Der Vogel des Jahres fordert die Geduld heraus
Um einen Blick auf den gelben Pirol zu erhaschen, muss man früh aufstehen, Zeit und einen Feldstecher mitbringen. In den Thurauen begaben sich Vogelfreunde gestern auf die Pirsch.
Seit die Thur bei der Rheinmündung aus ihrem Korsett befreit ist, mäandriert der Fluss an dieser Stelle und überflutet bei Hochwasser den Wald.

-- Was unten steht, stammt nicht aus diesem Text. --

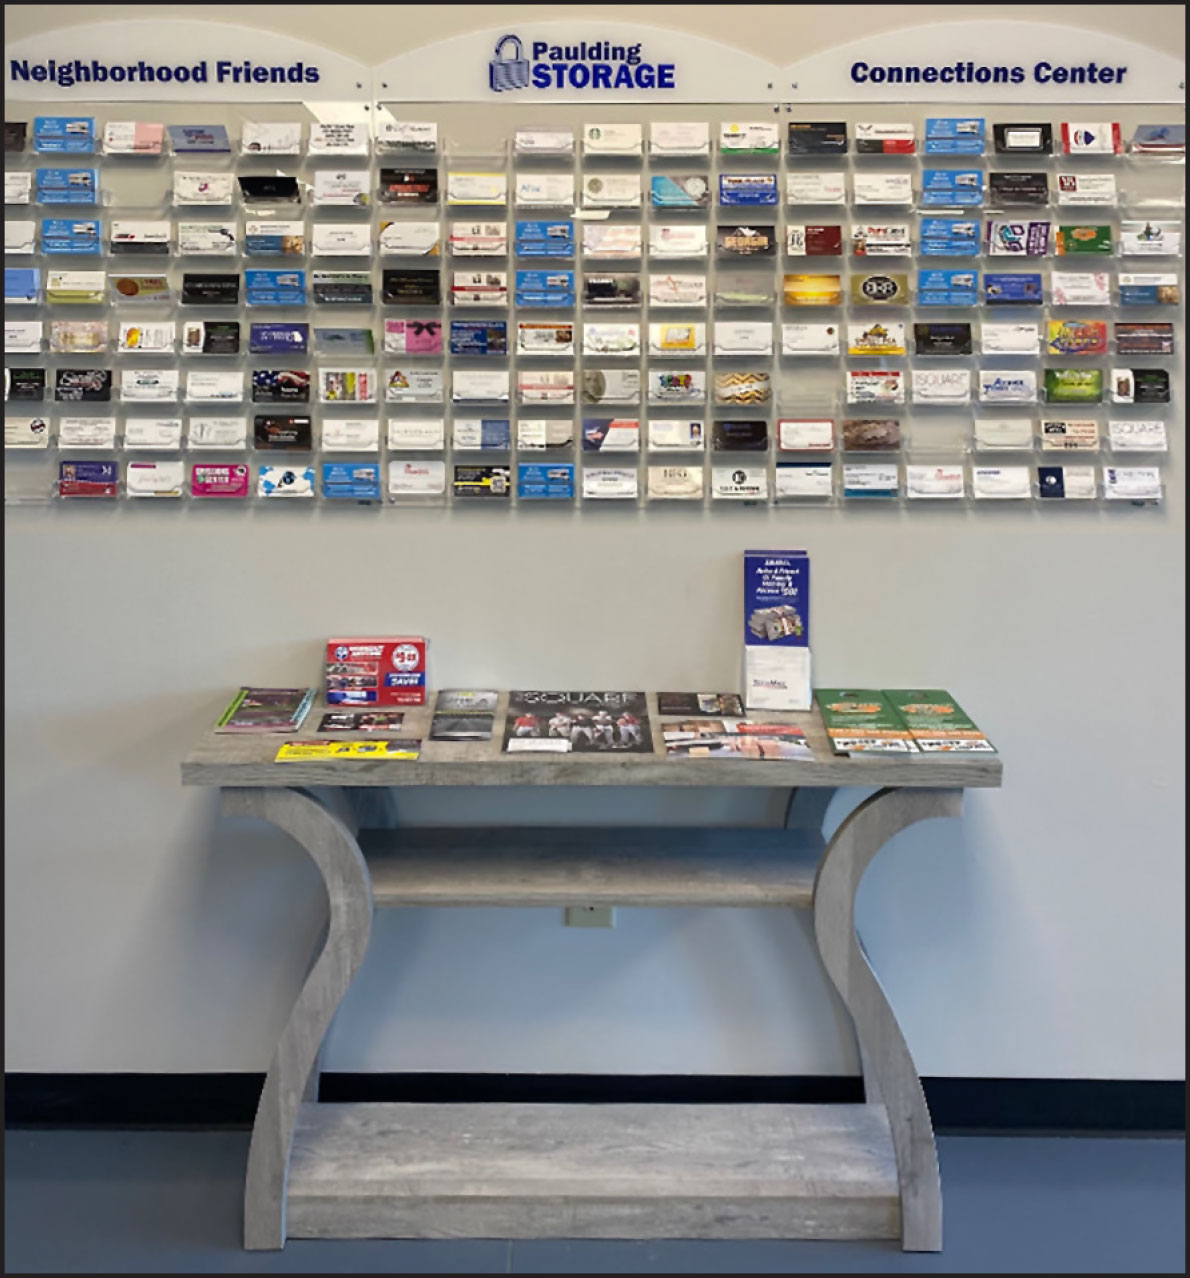 Small wooden grey table with various flyers and brochures sitting on it and shelf holding different businness cards above it
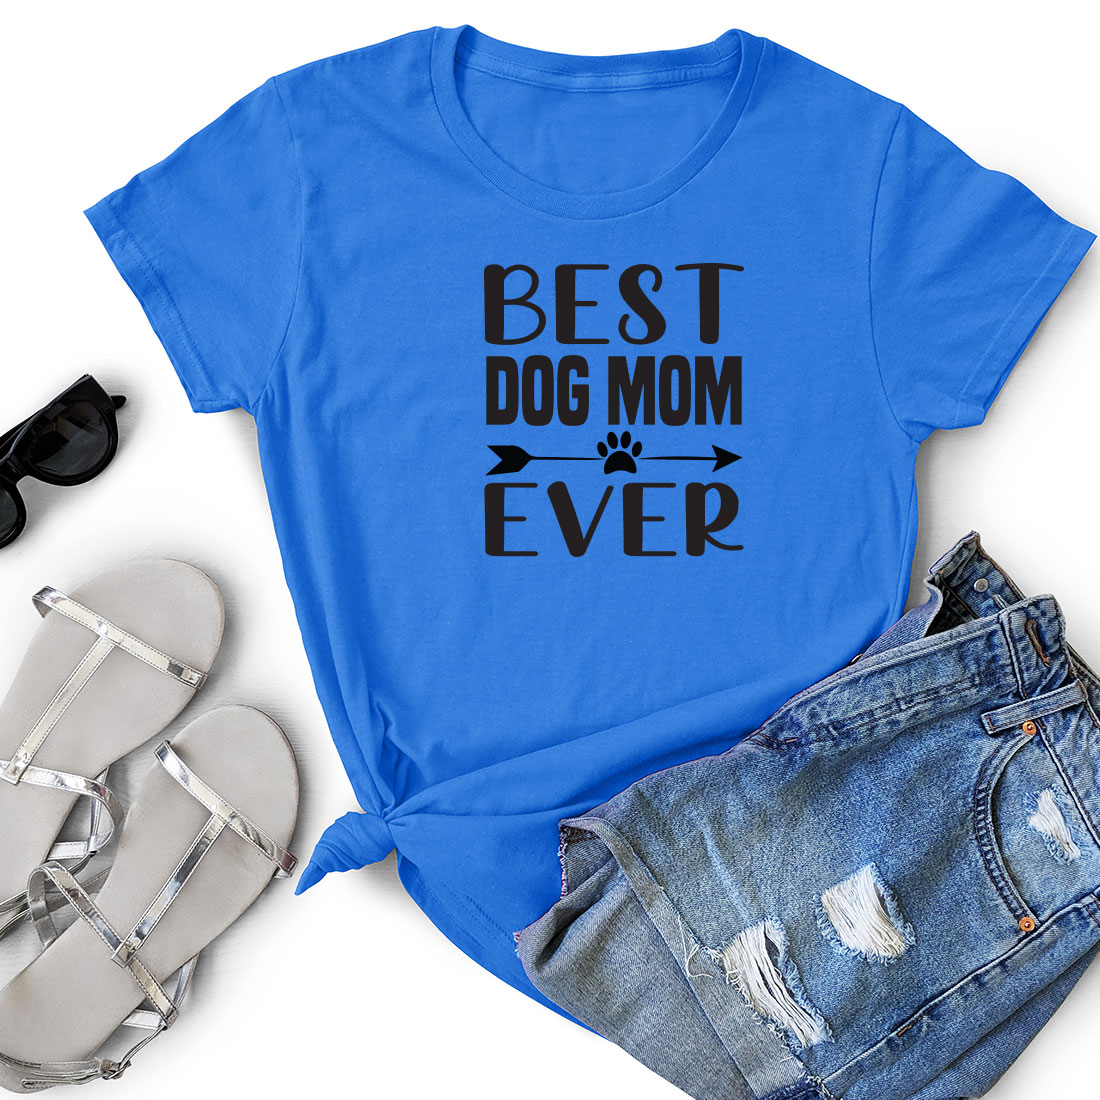 T - shirt that says best dog mom ever next to a pair of shorts.

Das dadurch entstandene Auengebiet ist ein Zuhause für eine Vielzahl von Vogelarten, die sich auf Kiesinseln, im Flachwasser und auf Schlickflächen wohlfühlen. Von den steil abfallenden Ufern kann der Eisvogel pfeilschnell ins Wasser stechen, und auch den Bibern gefällt die neue, sandige Umgebung. Früh am Morgen machte sich gestern eine Gruppe von 30 Vogelkundigen im Auenwald auf die Suche nach dem Pirol. Dieser wurde vor Kurzem zum Vogel des Jahres 2013 erklärt und fühlt sich in den Thurauen zu Hause.
Bis um 6.45 Uhr war er nicht zu hören. Dann ertönte der Ruf des Kuckucks. «Ein Zeichen, dass der Pirol nicht weit ist», sagt die Exkursionsleiterin Sophie Baumann vom Naturzentrum Thurauen. Tatsächlich flötete ein Pirol kurz darauf los. Der warme Ton seiner Singstimme hob sich klar vom Chor der anderen Singvögel ab. Um den Pirol dann auch noch zu sehen, brauchte es allerdings viel Geduld und Glück. Mit seinem gelben Federkleid ist er hierzulande ein Exot. Er lebt in den Wipfeln alter Bäume, jagt dort Insekten und trinkt die Regentropfen von den Blättern. Im Unterholz sieht man ihn kaum. Der Zugvogel verbringt den Winter in wärmeren Gebieten. Es zieht ihn südwärts bis nach Guinea, Kenia und Uganda.
In den Thurauen brüten heute 45 bis 50 Vogelarten. «Das entspricht einem Sechstel der in der Schweiz vorkommenden Brutarten – damit sind wir sehr zufrieden», sagt Baumann. Hinzu kommen viele Kurzaufenthalter, Vögel, die auf der Durchreise sind und am Thurufer eine Pause einlegen, sich ausruhen und stärken. «Das ist wie bei Flugzeugen, die ab und zu auftanken müssen.»
Auch Fremde fühlen sich wohl
Im Auenwald sind die Tiere nahezu ungestört. Einigen Zugvögeln hat das renaturierte Gebiet sogar so gut gefallen, dass sie geblieben sind, wie zum Beispiel die Mittelmeermöwe. «Wir sehen das allerdings nicht so gerne», sagt Baumann. Denn die neuen Arten würden den einheimischen Vögeln Platz und Futter streitig machen. Die Gruppe der Vogelbeobachter erinnert der Ruf der Möwen ans Meer.
Beim Zwitschern sind die Singvögel jedoch bestens organisiert. Um sechs Uhr früh hört man zuerst das Rotkehlchen, dann die Amsel, den Zaunkönig und den Kuckuck. Die Vögel hätten die Singzeiten untereinander verteilt, um im grossen Gezwitscher nicht unterzugehen und die Partnersuche damit zu erleichtern, erklärt der Experte. Für die Naturfreunde gibt es auf dem Spaziergang nebst den Vögeln auch seltene Pflanzen und Bäume zu entdecken. Baumann macht uns zum Beispiel auf eine Schwarzpappel aufmerksam oder auf eine Silberweide. Letztere war der Stolz des Försters – bis sie vom Biber gefällt wurde. In den Lauf der Natur wird in den Thurauen aber nicht eingegriffen. Der Wald bleibt fünfzig Jahre sich selbst überlassen. Das sollte man sich übrigens auch als Spaziergänger in Erinnerung rufen. Denn bei Wind kann es schon mal vorkommen, dass ein Ast oder ein Vogelnest aus den Bäumen auf den Weg fällt.